Kroger shifts the focus

Kroger made several changes to its “annual cash incentive plan” after the pandemic sparked three months of binge buying from customers worried about running out of food, cleaning supplies and toilet paper. That rendered moot a previous sales incentive, which called for maximum awards for 3.1% sales growth. Kroger tracks sales excluding fuel at identical stores, meaning locations that have been open without major modifications for at least a year. In 2019, Kroger achieved ID sales growth of 2.1%. In March, it registered 30% growth, followed by 20% each in April and May.

So, the company altered its approach in three ways. First, it split the bonus plan into two parts, awarding a maximum bonus for the first quarter. Next, it adopted “more rigorous” goals for the rest of the year. The new goals included a maximum award for ID sales growth of 5%, which was ultimately eclipsed by Kroger’s 12.1% actual growth for the full year. Finally, Kroger added a “kicker” that allowed for an extra 10% bonus if the company achieved an unspecified market-share goal for produce.

Here's why Kroger's CEO got a double-digit raise

Kroger Co. CEO Rodney McMullen

Although no one qualified for the produce kicker, McMullen got $5.7 million from the other two bonus pools, a 181% increase from his bonus award in 2019. That was a big factor in his 45% raise in total compensation and more grist for the mill of executive-pay critics like the Global Economy Program.

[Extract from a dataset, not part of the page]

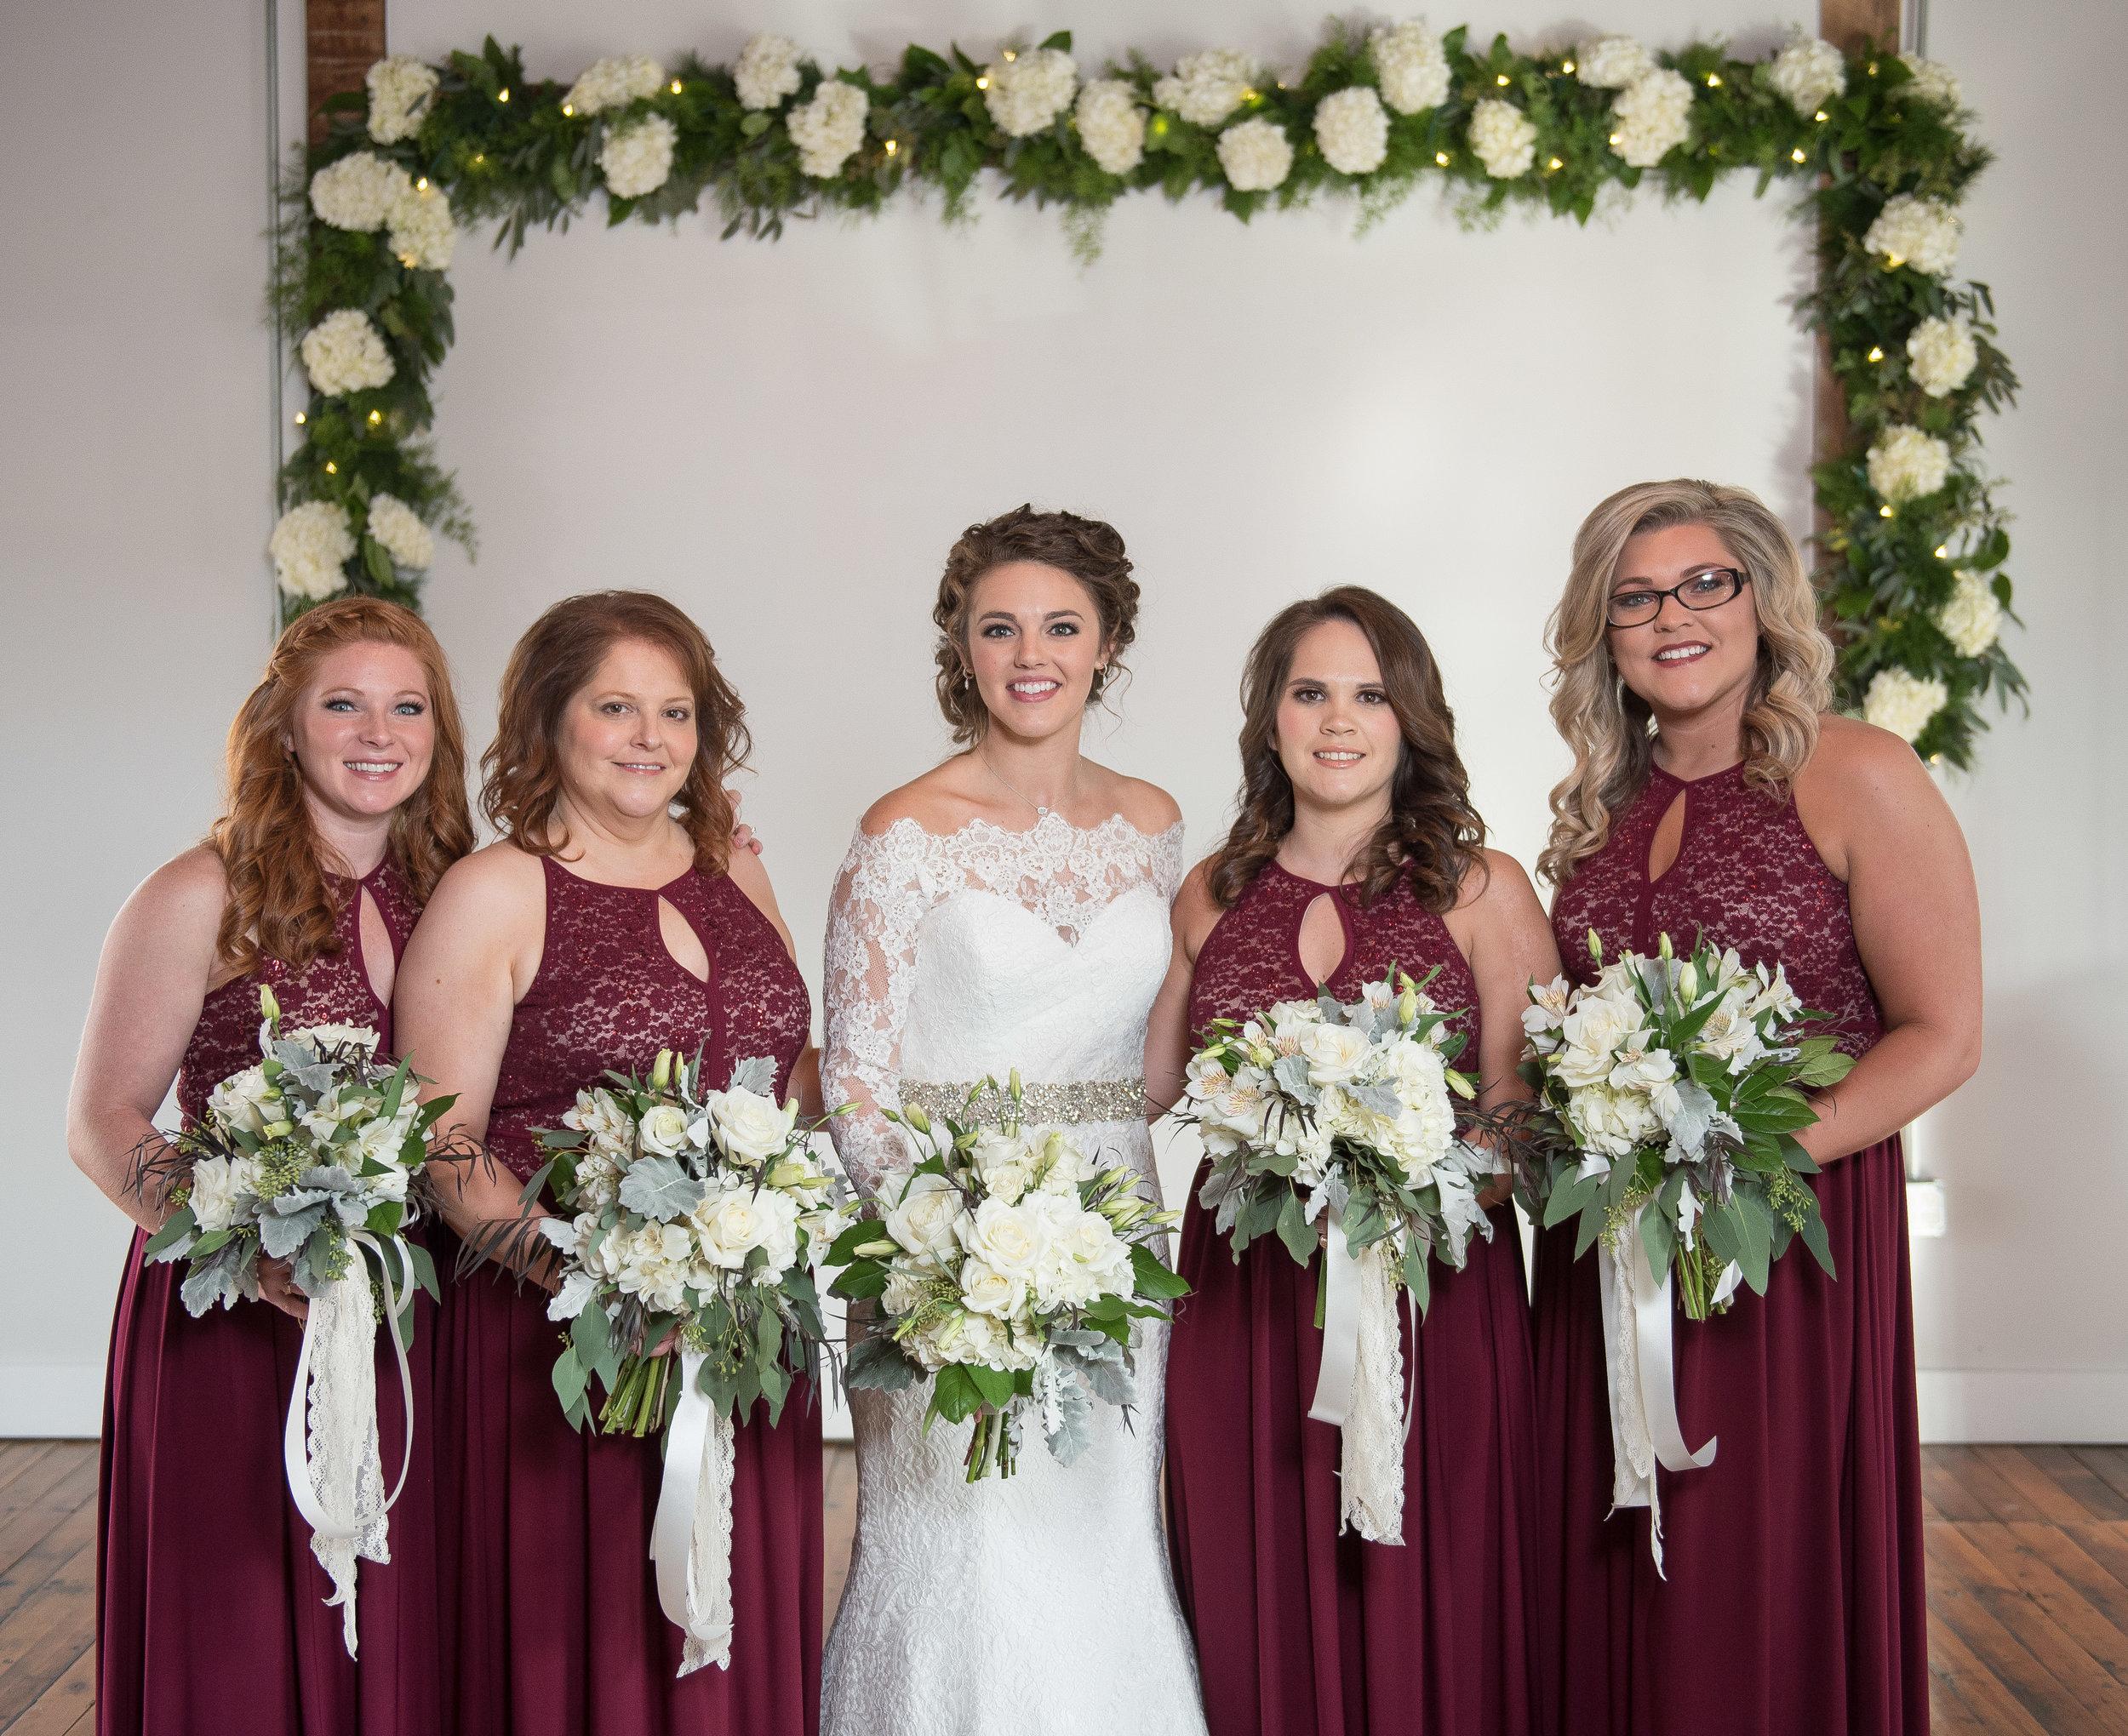 The Roller Mill Events - Winston Salem Weddings - NC Weddings - High Point NC Weddings - Winston Salem Venue - Yasmin Leonard Photography-26.jpg

“It was really quite shocking to me to see that in the middle of a national crisis so much of the corporate boards’ efforts were going into figuring out how can they incentivize their CEO,” Anderson said. “This should have been a year when we should have all been working together and showing a spirit of shared sacrifice.”

Kroger was the only Cincinnati-based company that reported a decline in median pay, an 8.1% dip to $24,617. McMullen’s pay is 909 times that of its median worker, compared to 533 last year. That puts Kroger in the same ballpark as Walmart, where CEO Doug McMillan made 1,078 times the company’s median pay of $20,942

“There’s a lot of business research that shows that’s not just unfair: It’s also bad for business,” Anderson said. “It can damage employee morale, which can lead to higher turnover rates. And we are seeing some large, low-wage employers facing staffing shortages now.”

In the meantime, union leaders like Kevin Garvey have shifted their positions from defending Kroger as a company that offers better pension and health benefits than its non-union rivals to one that failed to share the bounty when given the chance.

“These people deserved that money and the money was there to be distributed,” Garvey said. “If these people were comped a premium until the CDC said we’re out of the woods, you wouldn’t have heard a word out of us. It would have been great. But that’s not how the world is.”